1973 Gozo Civic Council referendum
| 11 November 1973 |

Results
| Choice | Votes | % |
| Yes | 137 | 76.97% |
| No | 41 | 23.03% |
| Valid votes | 178 | 91.28% |
| Invalid or blank votes | 17 | 8.72% |
| Total votes | 195 | 100.00% |
| Registered voters/turnout | 15,621 | 1.25% |

= 1973 Gozo Civic Council referendum =

The Gozo Civil Council (Abolition) Referendum was held in Malta on 11 November 1973. The referendum was facultative and non-binding and only voters registered in Gozo were allowed to vote, and is to date the only non-national referendum to have been held in the country.

==Background==
Gozo Civic Council had been set up as a statutory local government in the island of Gozo on 14 April 1961, the first experiment in civil local government in Malta since the French occupation of 1798–1800. The law authorised the council to raise taxes, although it never actually made use of this power.

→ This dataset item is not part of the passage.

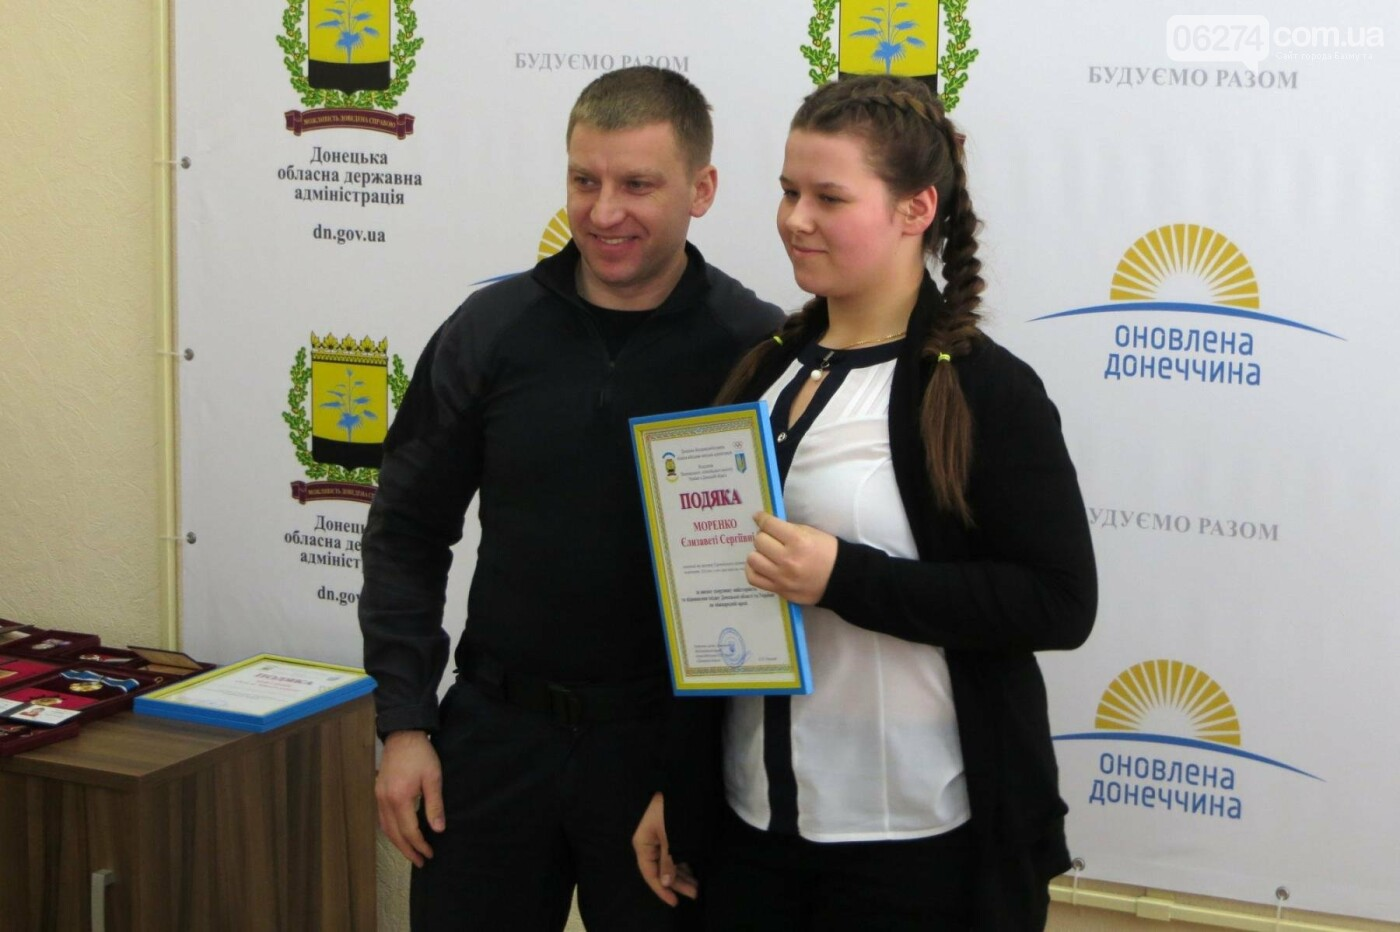 В Краматорске отметили лучших спортсменов и тренеров Донецкой области, фото-2

In 1971 the Labour Party was voted into office. As its support in Gozo was weak and it favoured a more centralised administration it proposed a referendum on the abolishment of the Council putting emphasis on the unpopular possibility of it raising taxes.

==Question==

Do you want Gozo to remain different from Malta, that is, not only having its own representatives in Parliament, chosen from Gozo, but also representatives in the Gozo Civic Council which, amongst other powers, has that of imposing special taxes on the Gozitans to be spent according to the wishes of the people of Gozo?

==Results==

| Choice | Votes | % |
| For | 137 | 76.97 |
| Against | 41 | 23.03 |
| Invalid/blank votes | 17 | – |
| Total | 195 | 100 |
| Registered voters/turnout | 15,621 | 1.25 |
Source: Elections in Malta

==Outcome==
Despite the exceptionally low turnout of just 1.25%, the Government proceeded with its plans to abolish the Gozo Civic Council. Government administration in Gozo was centralised in Valletta and Gozitan affairs became the direct responsibility of the Office of the Prime Minister.

In the mid-1980s attempts were made to set up a Gozo committee, chaired by the prime minister and with the Gozitan members of Parliament as members. However, it was only in 1987 that the Ministry of Gozo was set up (demoted to a Parliamentary Secretariat between 1996 and 1998). Local government in the Gozitan localities was restored with the introduction of local councils in 1993 with Gozo having 14 councils.

A Gozo Regional Committee was created by Act No. XVI of 2009 and was formally constituted in 2012.